I am saddened to announce that another friend of Street Tech has passed away. Street Tech co-founder Peter Sugarman’s dad, Marvin Sugarman, died last week. Marvin was a TV production guy, working in sports television. He taught Peter a lot of what he knows, about media production, and lots of other things. Peter’s been one of my mentors, so there’s a direct connection.
Marvin financed the creation of Beyond Cyberpunk!, the masive 1991 HyperCard e-book on cyberpunk sci-fi and pre-Web cybercultre that Peter, Mark Frauenfelder, Jim Leftwich, and I did. If BCP! earns a paragraph in the cyber-history books, Marvin should be in the group photo.
Happy trails, Marvin. Thanks for giving us Peter. He’s one ornery mofo (did he get that from you?), but we love him just the same.
Thanks to abundant Apache misconfigurations, one can, theoretically, search for mp3s using Google
“Enron. WorldCom. Tyco. Those CEO dudes is scary. Now I’ll walk by a gang-banger and not even blink, but if I see a white guy with a Wall Street Journal, I’m gonna haul ass in the other direction. If I have to walk by the Arthur Andersen building, I’d rather cut through the damn projects. I mean, you might end up having what you have on today stolen, but at least you won’t be mugged of your future.” -Comedienne Wanda Sykes
After adding a new service pack to my Windows 2000 install, I started to get embarassing popup spam when on the net. I don’t even know this Jennifer woman, I tell my wife. Anyway, here’s the disable protocol, which I finally bothered to look up:
“Disabling Windows Messenger Service Windows 2000
- Click the Start Button
- Choose Settings > Control Panel
- Double-click ‘Administrative Tools’ and
- double-click on ‘Services’
- Scroll down and right-click on ‘Messenger’
- Choose Properties
- Click the ‘Stop’ button to turn the Messenger service off
- Change the ‘Startup type’ to ‘Disabled’ to keep it from restarting when you reboot
- Click OK and you’re done “
Street Tech pal Mark Frauenfelder emailed me with the sad news that another friend from the bad ol’ days of the SF cyberculture scene has died. Jessica Grace Wing, bOING bOING’s music editor (when it was a print zine), lost her battle with colon cancer on July 19. She was only 31 years old!
Jessica and I worked together on the Happy Mutant Handbook. We did the "Mutant Music Makers" reviews. She was a beautiful, captivating presence, one of those people who seemed to ooze cosmic mysteries and unbridled creativity. She was a writer, Web designer, dancer, musician, short-film director, sound designer (she worked on Todd Solondz’ film Happiness), and composer. She moved to the Big Applet in 1997 and became a successful Off-Broadway composer. Her first musical, entitled Lost, will premiere at the New York International Fringe Festival in August.
Okay, could friends stop dying now? I feel old enough as it is! Thanks.
Through many slow nights in front of indifferent club audiences, TMBG persisted, themselves indifferent enough to fame to just keep playing.
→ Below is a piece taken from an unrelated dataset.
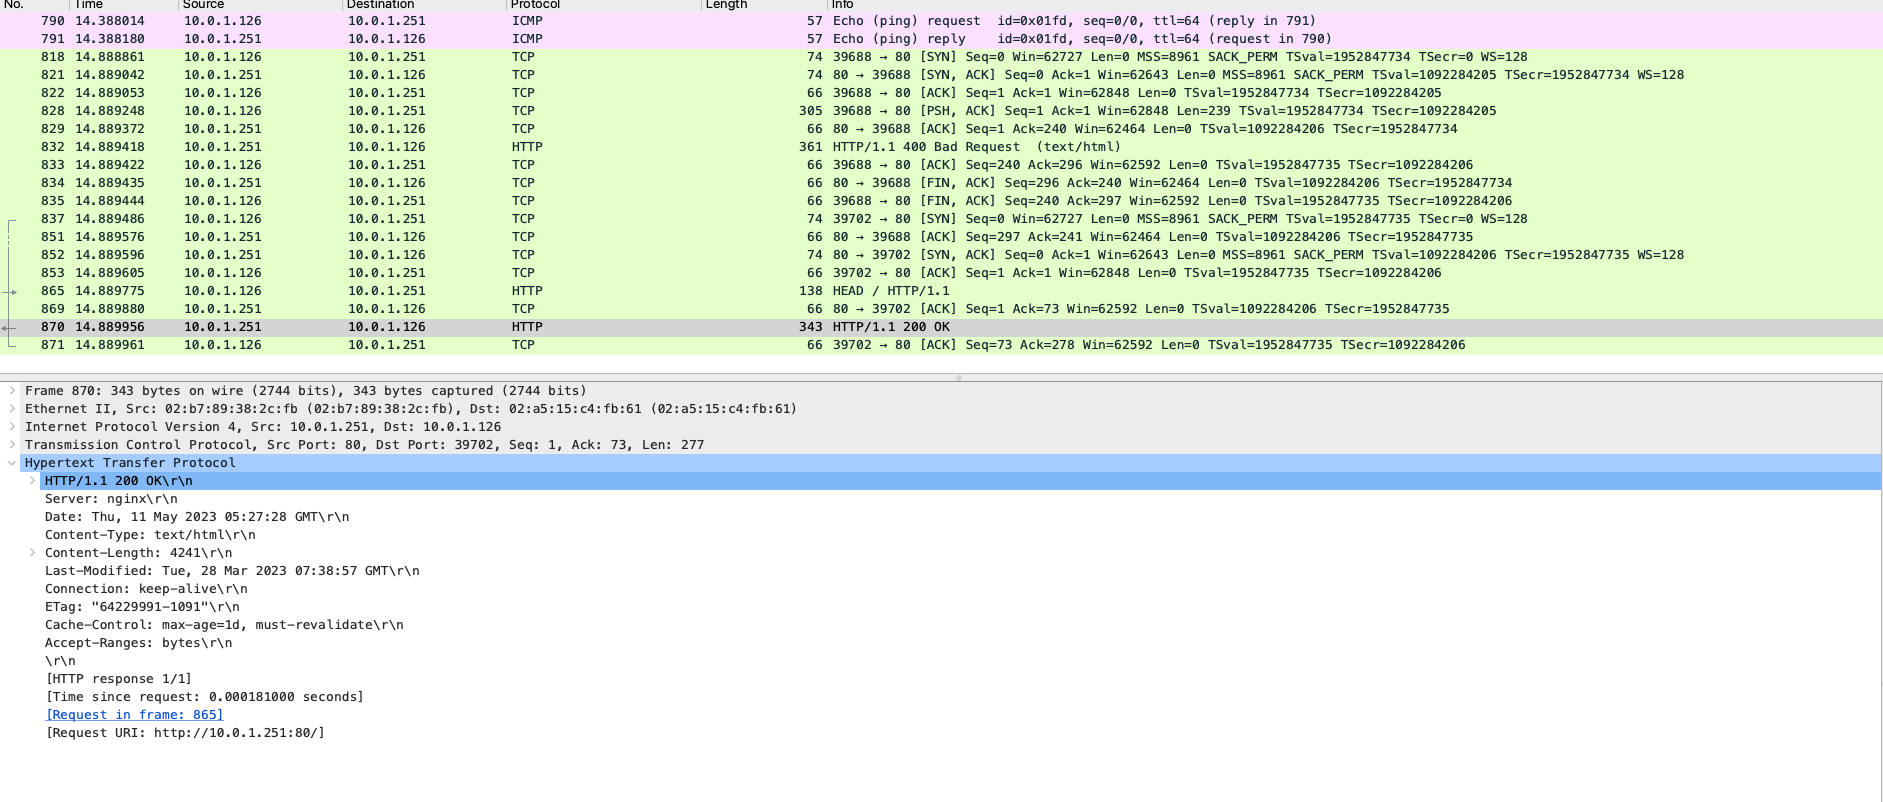 Wireshark capture of when ICMP is enabled

John Flansburgh’s career advice? “If you want to have a creative life, don’t be too calculating. Don’t worry so much about copyrighting your song when no one even knows it. There is inherent value and excitement in having your stuff in the world. Get your stuff out there!”
I am installing a new laptop harddrive for the third time in three months. It’s a long boring story. Anyway, here is my list of essential freeware (all of it googleable) that I plan to reinstall.
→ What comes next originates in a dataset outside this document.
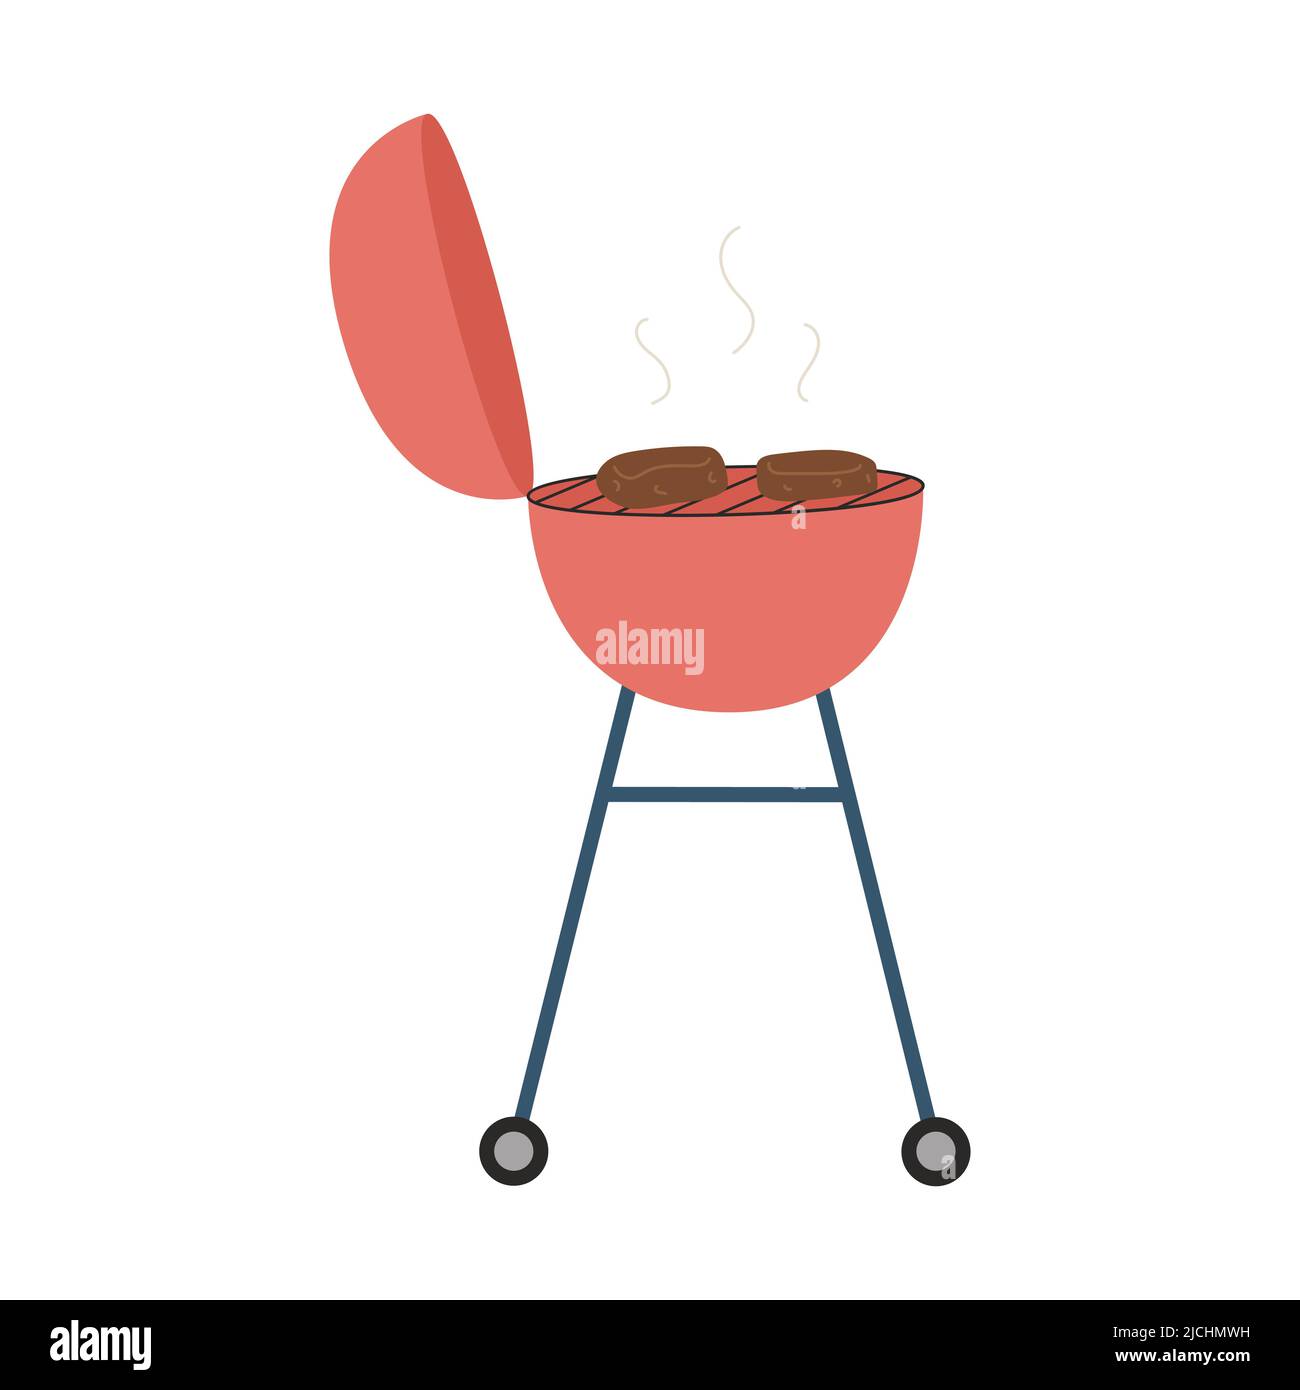 https://c8.alamy.com/comp/2JCHMWH/barbecue-grill-with-roasting-meat-steak-barbecue-equipment-for-a-party-picnic-backyard-cooking-on-coals-flat-vector-illustration-isolated-on-a-2JCHMWH.jpg

open office: I only need Word to open wordperfect files that I keep getting (Utah is the former home of WordPerfect)
cms disk cleaner
Gimp for windows
Matrix html editor
handful of batch files.
This time around I’m burning a cd with all of these in one place, so that recovery will be a little quicker the next time.
What’s on your list of essential Windows freeware?